There were errors: ERROR(S) #:1 Parsing trouble java.lang.NumberFormatException: ...

1,353 views
Skip to first unread message

Mahtab Dastpak

unread,
Jul 1, 2022, 4:46:02 PM7/1/22
to gsea-help
Greetings,

I updated the new version of GSEA on mac and tried to upload my data. It includes the first column: Ensembl ID and the second column: Log2FC:

Gene Ensembl. ID    log2FoldChange
ENSG00000122548    5.79602174
ENSG00000135443    5.622378182
ENSG00000171346    5.469398459
ENSG00000236816    5.336128105
...

I did not have any errors with the older version. However now I found a new error with different data that I upload in the new version of GSEA:

<Error Details>

---- Full Error Message ----
There were errors: ERROR(S) #:1
Parsing trouble
java.lang.NumberFormatException: ...

---- Stack Trace ----
# of exceptions: 1
------For input string: "Log2FC"------
java.lang.NumberFormatException: For input string: "Log2FC"
    at java.base/jdk.internal.math.FloatingDecimal.readJavaFormatString(Unknown Source)
    at java.base/jdk.internal.math.FloatingDecimal.parseFloat(Unknown Source)
    at java.base/java.lang.Float.parseFloat(Unknown Source)
    at org.gsea_msigdb.gsea/edu.mit.broad.genome.parsers.AbstractParser.parseStringToFloat(AbstractParser.java:250)
    at org.gsea_msigdb.gsea/edu.mit.broad.genome.parsers.RankedListParser.parse(RankedListParser.java:72)
    at org.gsea_msigdb.gsea/edu.mit.broad.genome.parsers.ParserFactory.readRankedList(ParserFactory.java:556)
    at org.gsea_msigdb.gsea/edu.mit.broad.genome.parsers.ParserFactory.read(ParserFactory.java:771)
    at org.gsea_msigdb.gsea/edu.mit.broad.genome.parsers.ParserFactory.read(ParserFactory.java:737)
    at org.gsea_msigdb.gsea/edu.mit.broad.genome.parsers.ParserWorker.doInBackground(ParserWorker.java:53)
    at java.desktop/javax.swing.SwingWorker$1.call(Unknown Source)
    at java.base/java.util.concurrent.FutureTask.run(Unknown Source)
    at java.desktop/javax.swing.SwingWorker.run(Unknown Source)
    at java.base/java.util.concurrent.ThreadPoolExecutor.runWorker(Unknown Source)
    at java.base/java.util.concurrent.ThreadPoolExecutor$Worker.run(Unknown Source)
    at java.base/java.lang.Thread.run(Unknown Source)

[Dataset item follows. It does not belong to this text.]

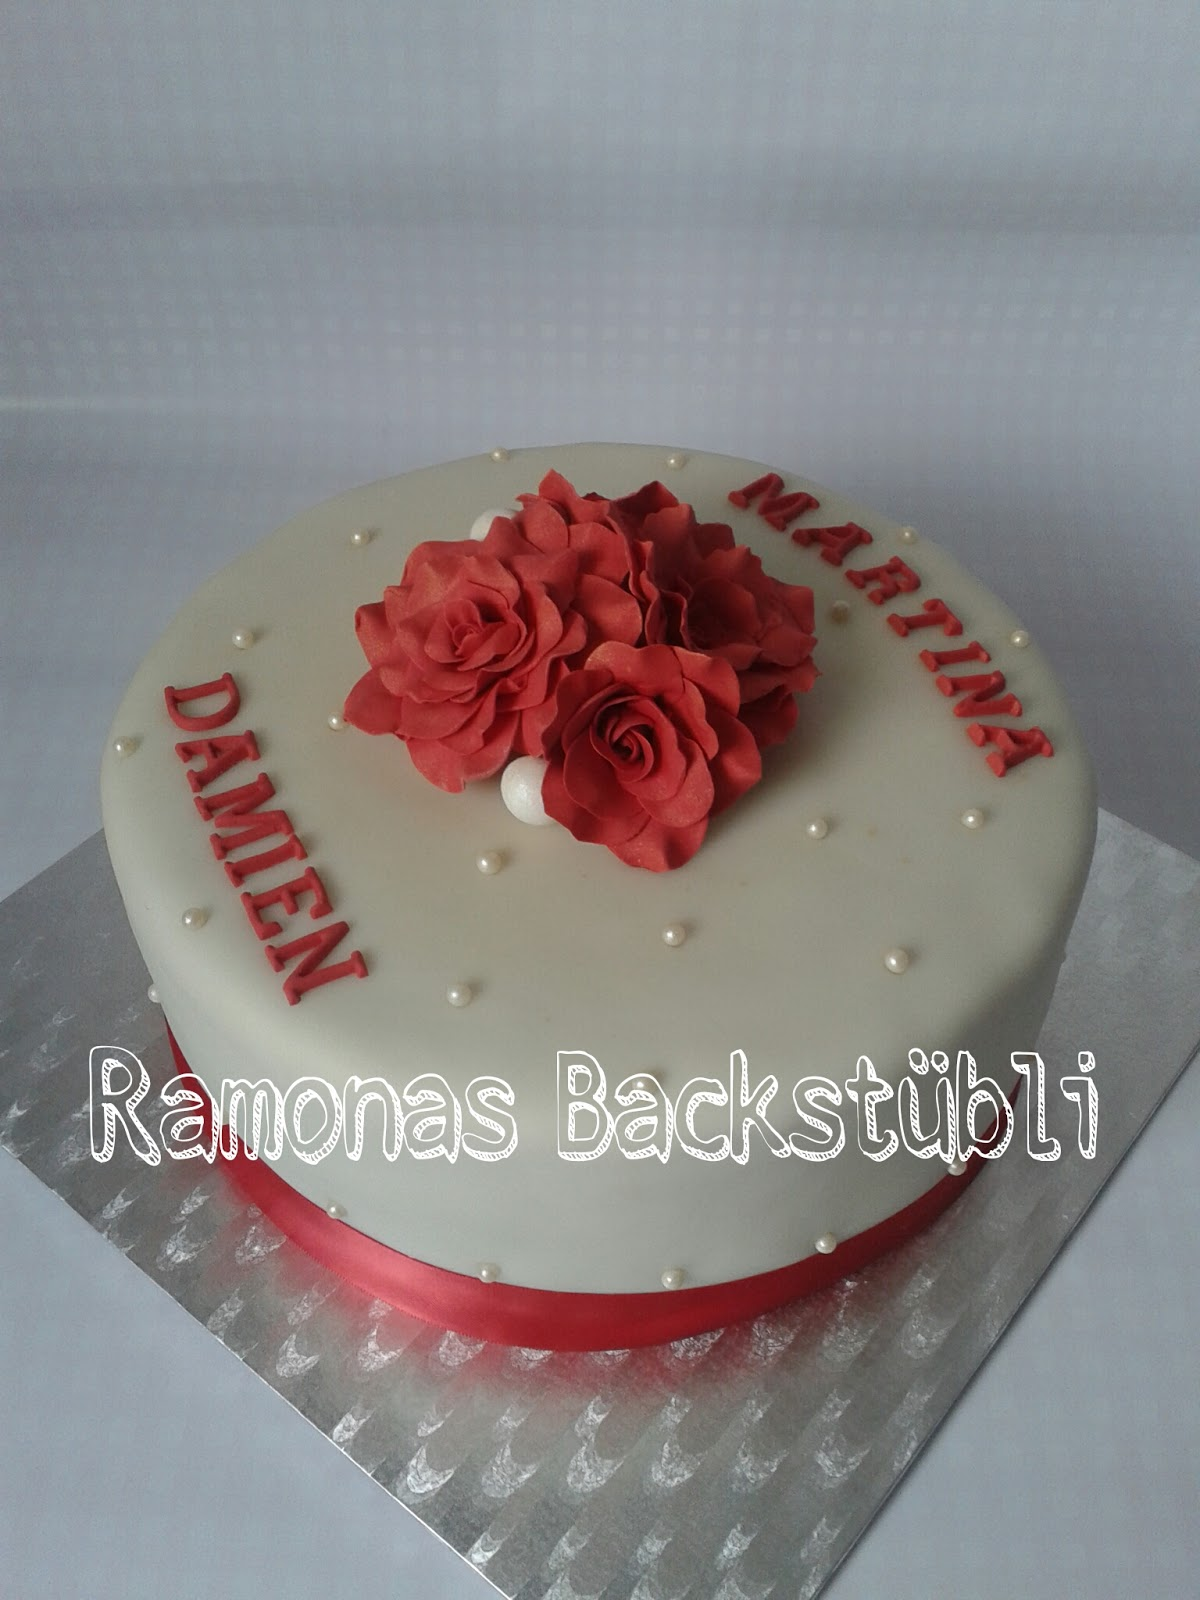 Ramonas Backstubli Hochzeit

Would you please kindly let me know what the problem is?

Thanks.
Mahtab

Anthony Castanza

unread,
Jul 1, 2022, 4:50:33 PM7/1/22
to gsea-help
Hi Mahtab,

The issue would appear to be that there are unexpected text strings in the second column (the log2fc) column.

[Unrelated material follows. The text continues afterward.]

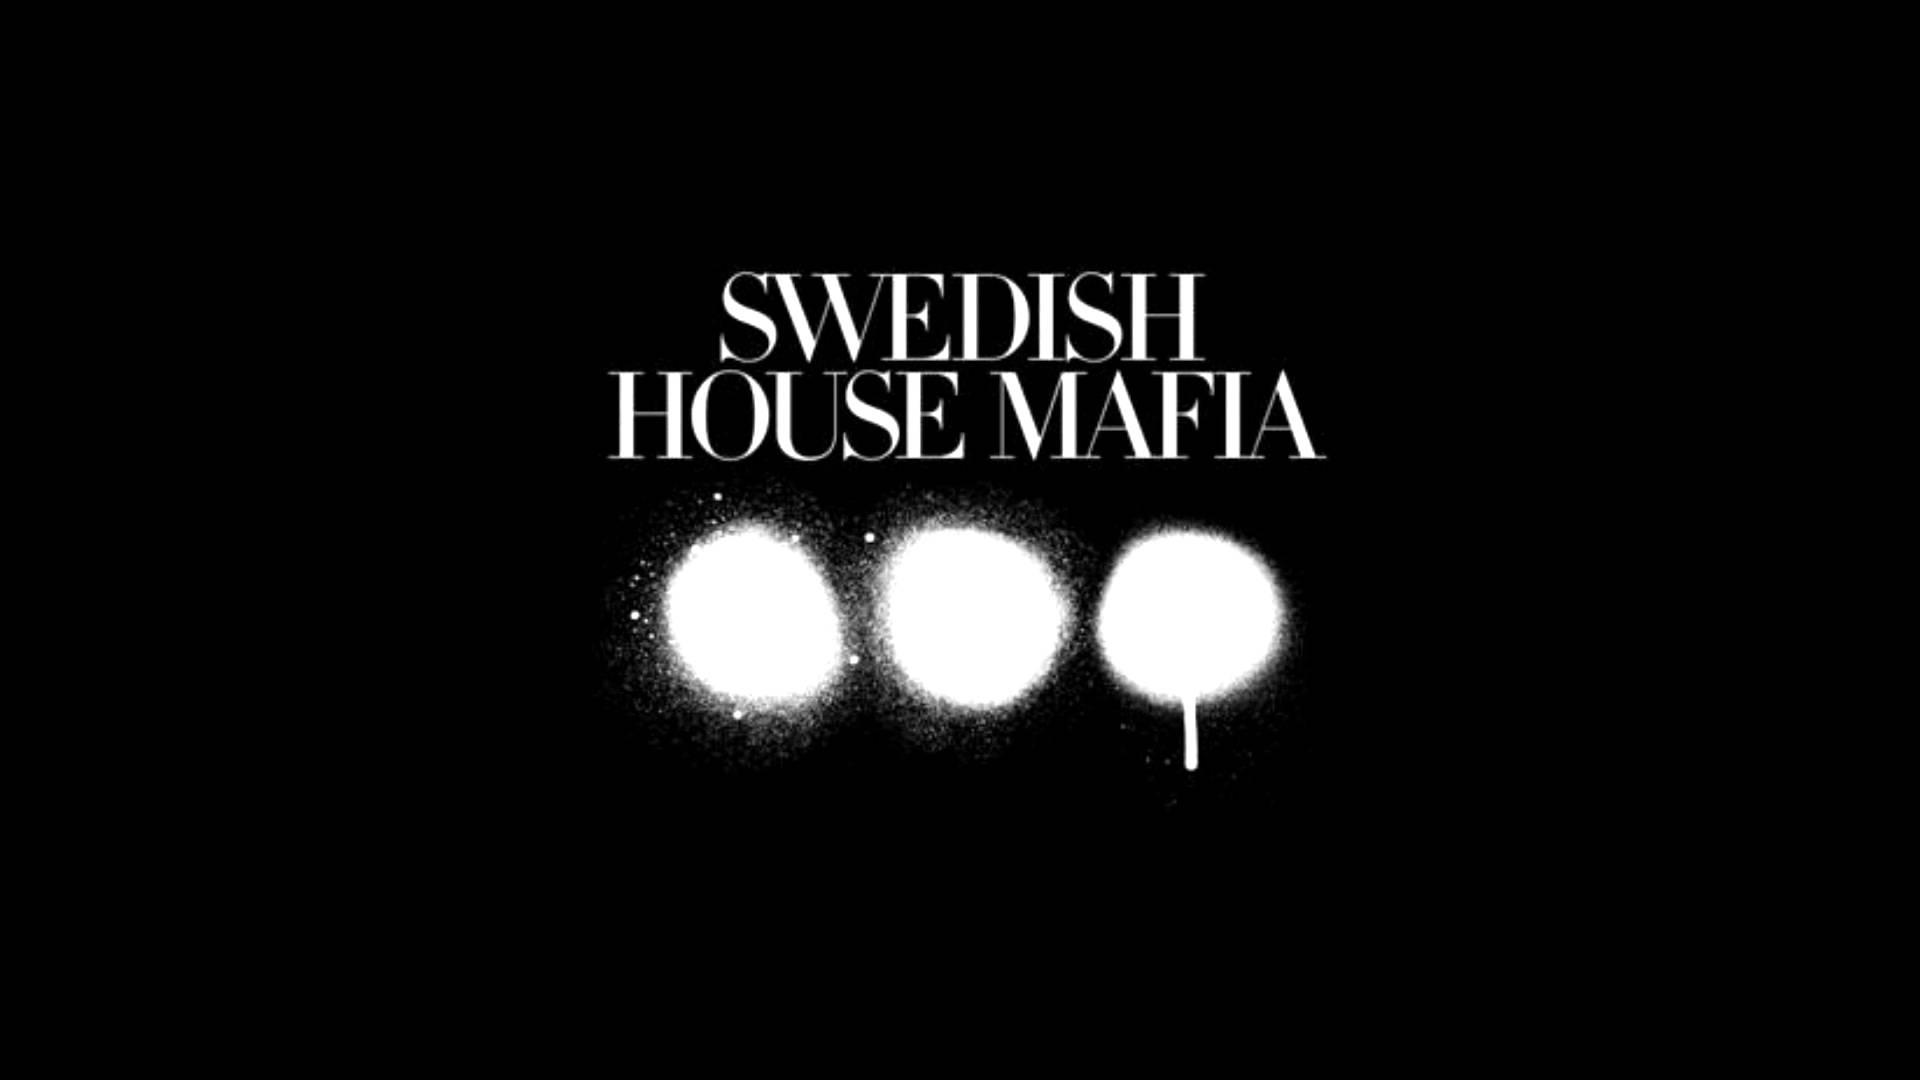 coldplay - every teardrop is a waterfall (swedish house mafia remix

We generally expect that the header row in the .rnk format start with the # character which tells GSEA to not interpret whatever you've named that column as a gene name. Additionally, from the specific text of the error message it would appear like you might have a second instance of the string Log2FC somewhere else in that column.

Let me know if you still have issues after checking for these two things.

-Anthony

Anthony S. Castanza, PhD
Curator, Molecular Signatures Database
Mesirov Lab, Department of Medicine
University of California, San Diego

--
You received this message because you are subscribed to the Google Groups "gsea-help" group.
To unsubscribe from this group and stop receiving emails from it, send an email to gsea-help+...@googlegroups.com.
To view this discussion on the web visit https://groups.google.com/d/msgid/gsea-help/57e2dccf-5f4f-4e19-97ab-f1bd91f9e4e0n%40googlegroups.com.

Mahtab Dastpak

unread,
Jul 5, 2022, 1:52:18 PM7/5/22
to gsea...@googlegroups.com

Hi Anthony,

Thanks so much for your help. After adding # to the header, it worked.
I have a new issue with the result. I found "---" for some essential pathways in NES and NOM p-val (attached). I was wondering if it means too much or too low. So, can I use these pathways in my interpretation?


Thanks.
Mahtab






GSEA-results.xlsx

Anthony Castanza

unread,
Jul 5, 2022, 1:59:14 PM7/5/22
to gsea...@googlegroups.com

Hi Mahtab,

 

This result indicates that there was something wrong with the null distribution that was generated for this data.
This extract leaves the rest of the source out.